■ **TASK TO CARRY OUT**:
Reproduce every line of the data, exactly and without its pictures.

■ **PROVIDED DATA**:
▶

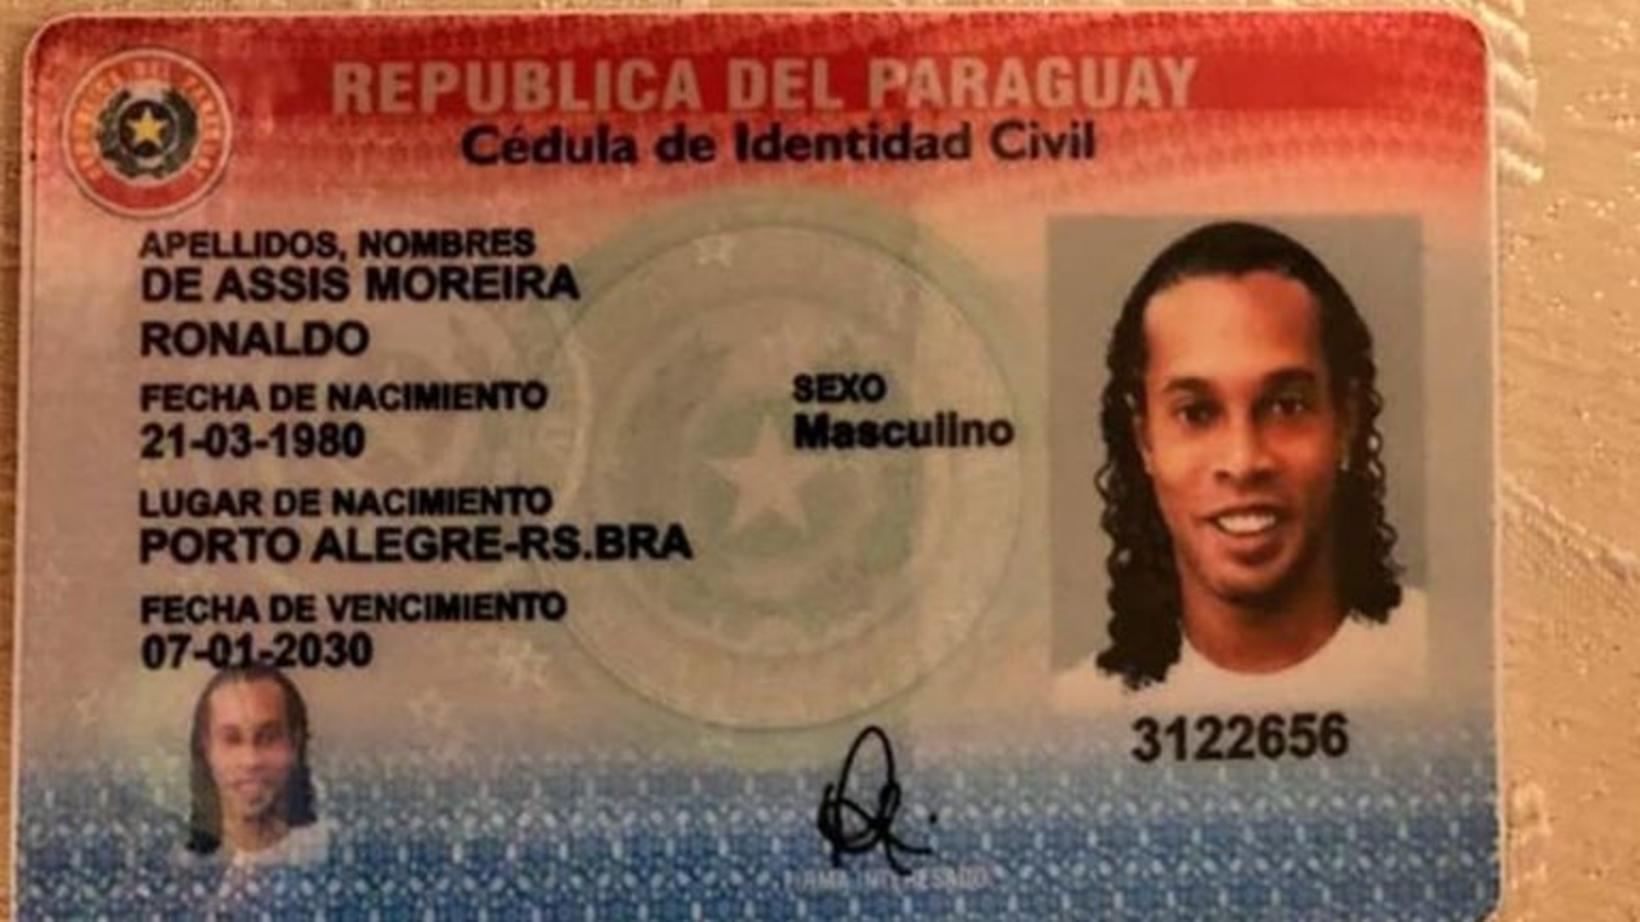 Falsaða vegabréfið sem Ronaldinho var með í fórum sér.
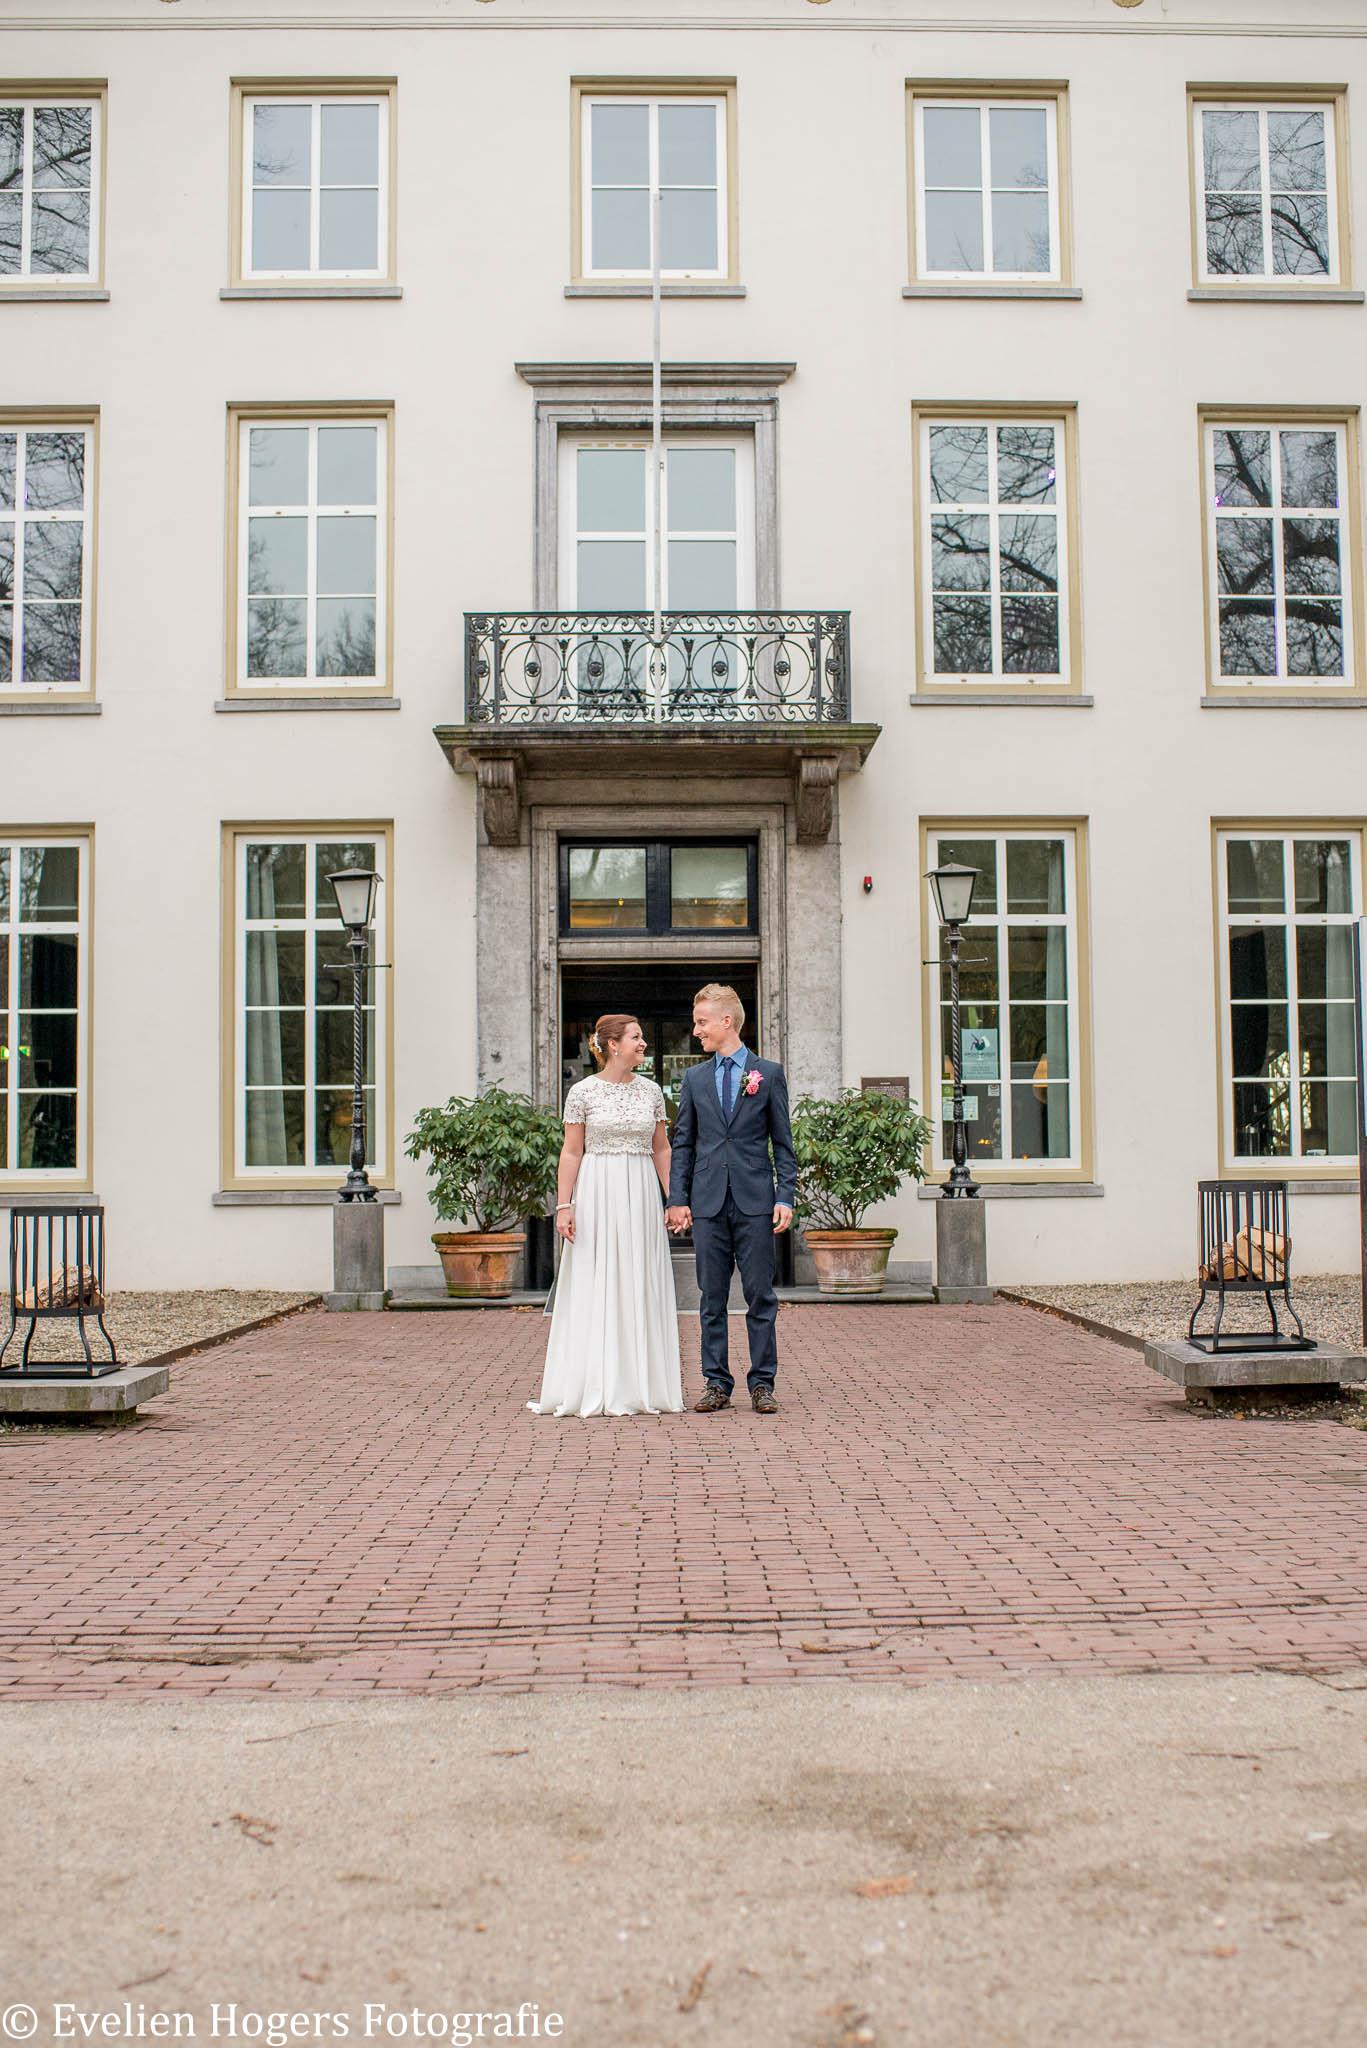 Estate_wedding_Metwatermerk-68.jpg
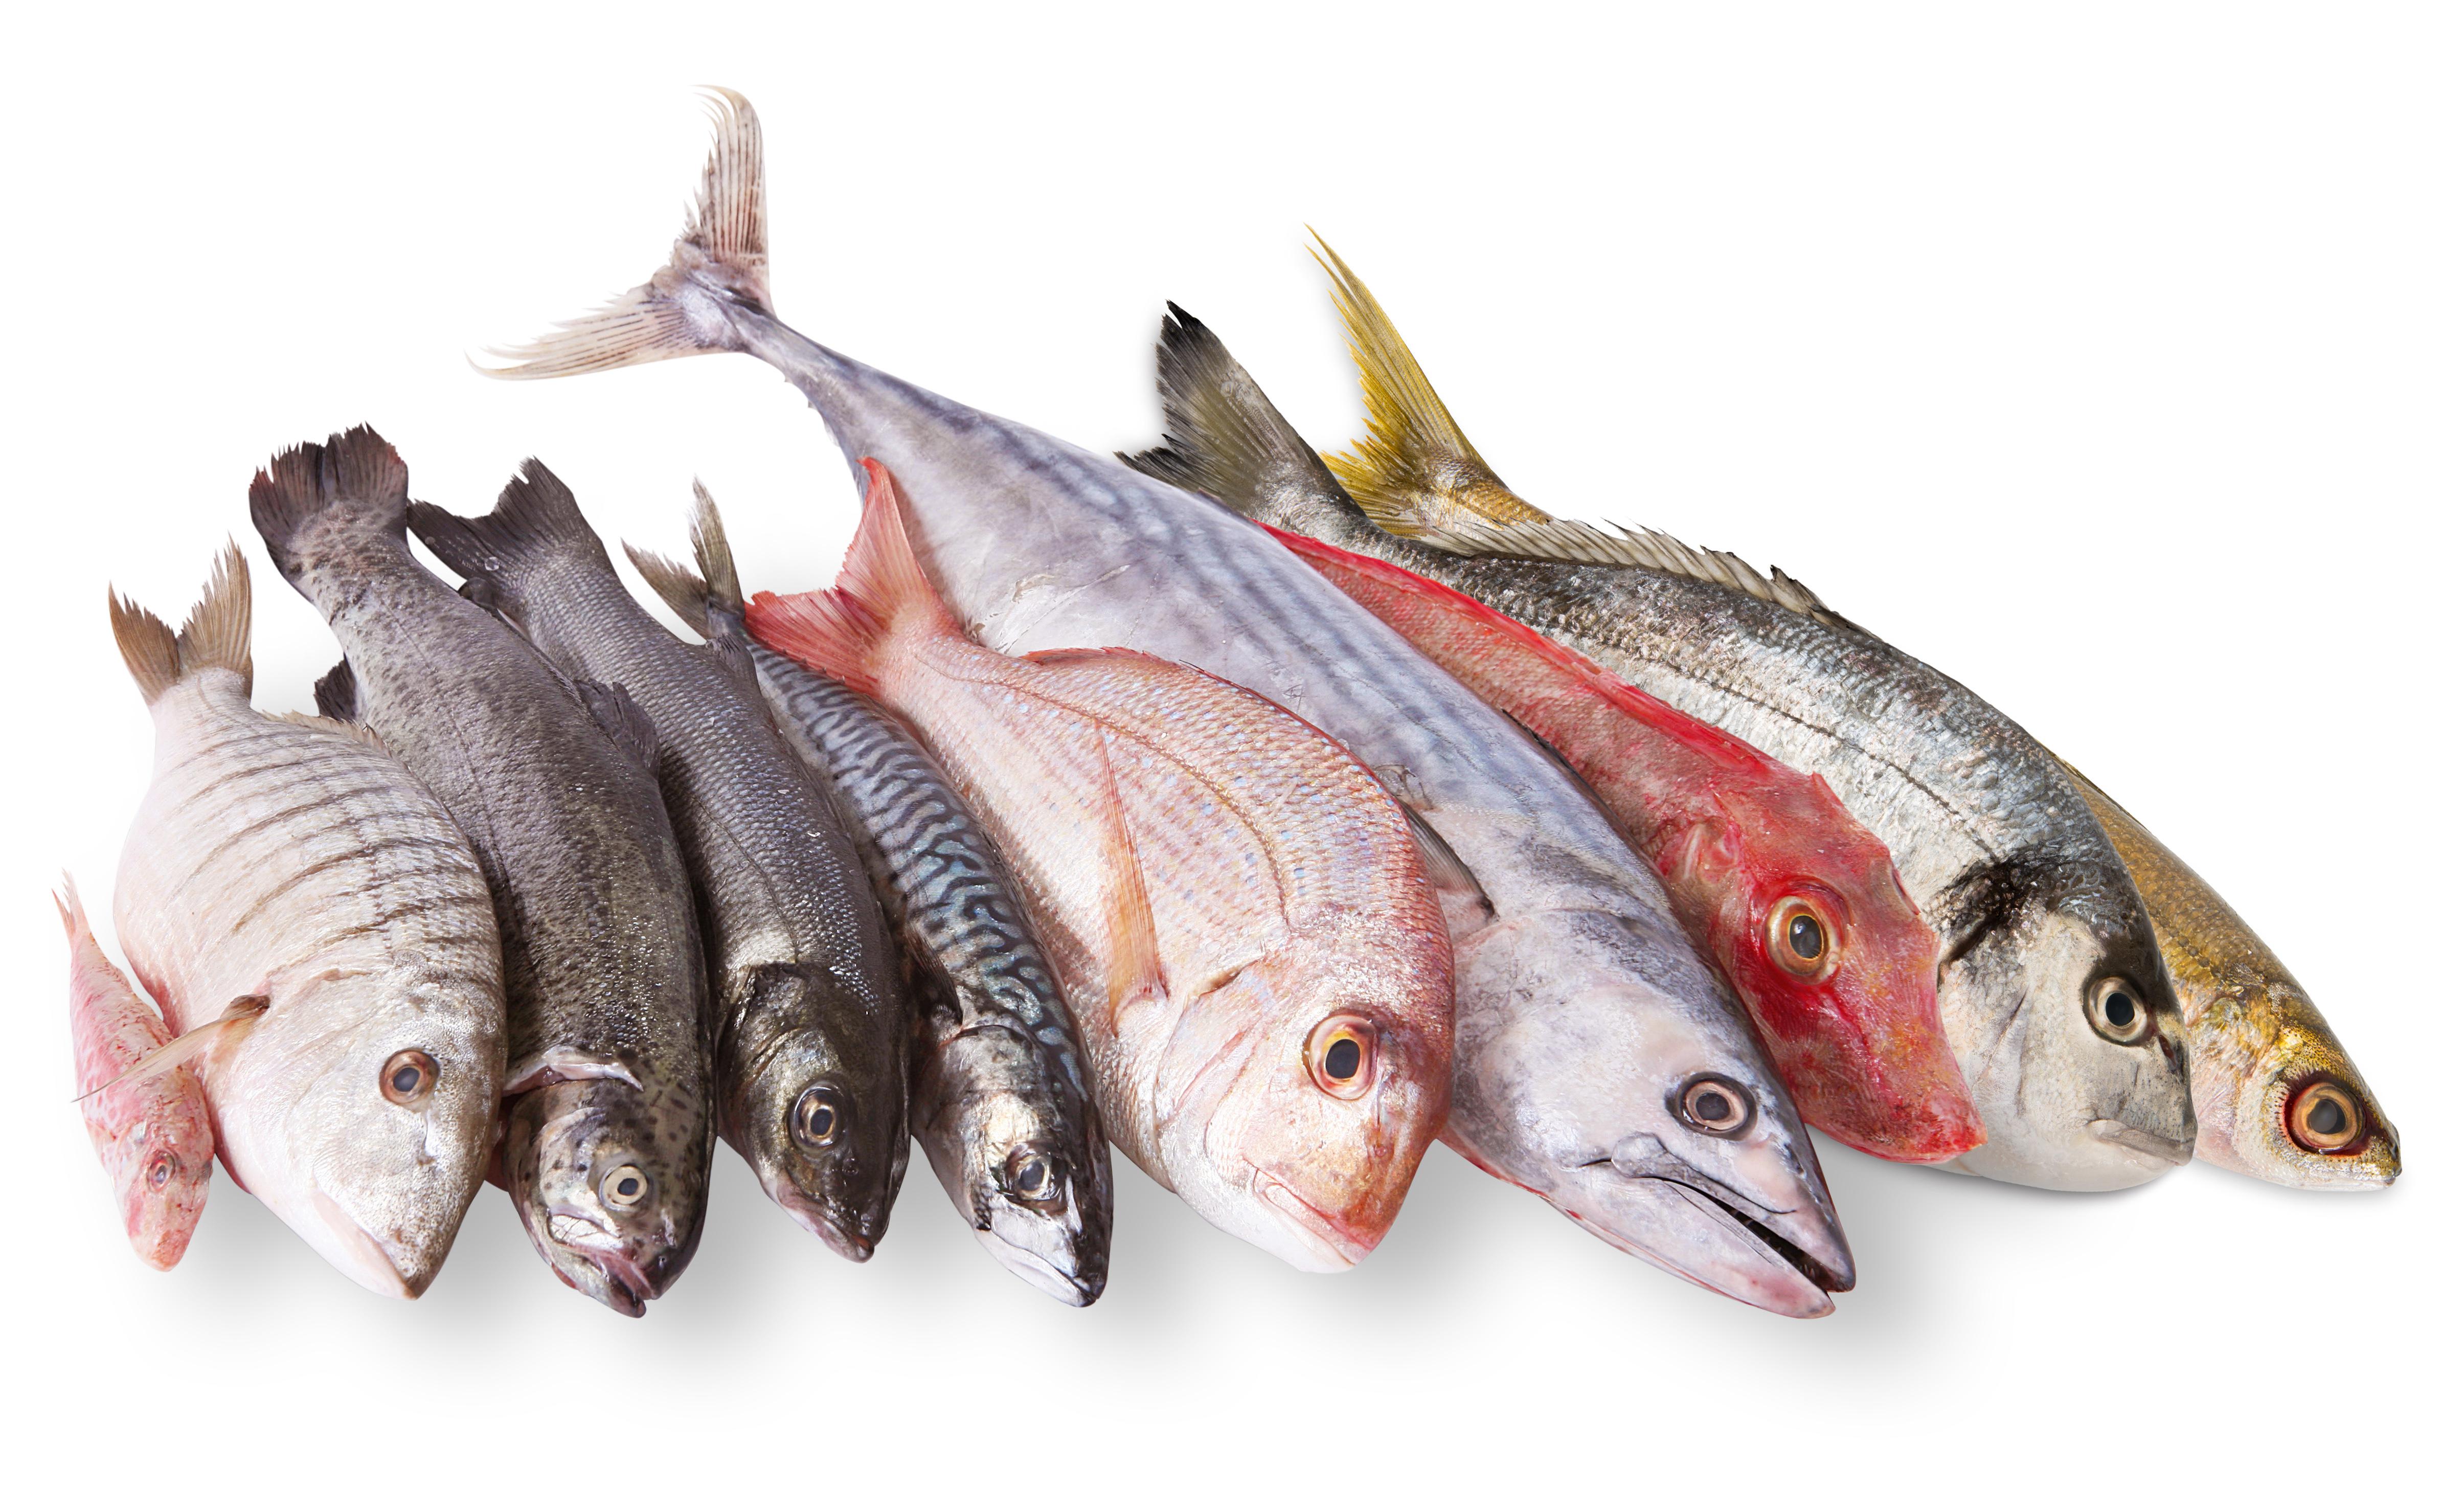 Esclerodiario empp - emsp: Comer pescado puede reducir el riesgo de ...

◀

■ **TASK SOLUTION**:
 Falsaða vegabréfið sem Ronaldinho var með í fórum sér.
 Estate_wedding_Metwatermerk-68.jpg
 Esclerodiario empp - emsp: Comer pescado puede reducir el riesgo de ...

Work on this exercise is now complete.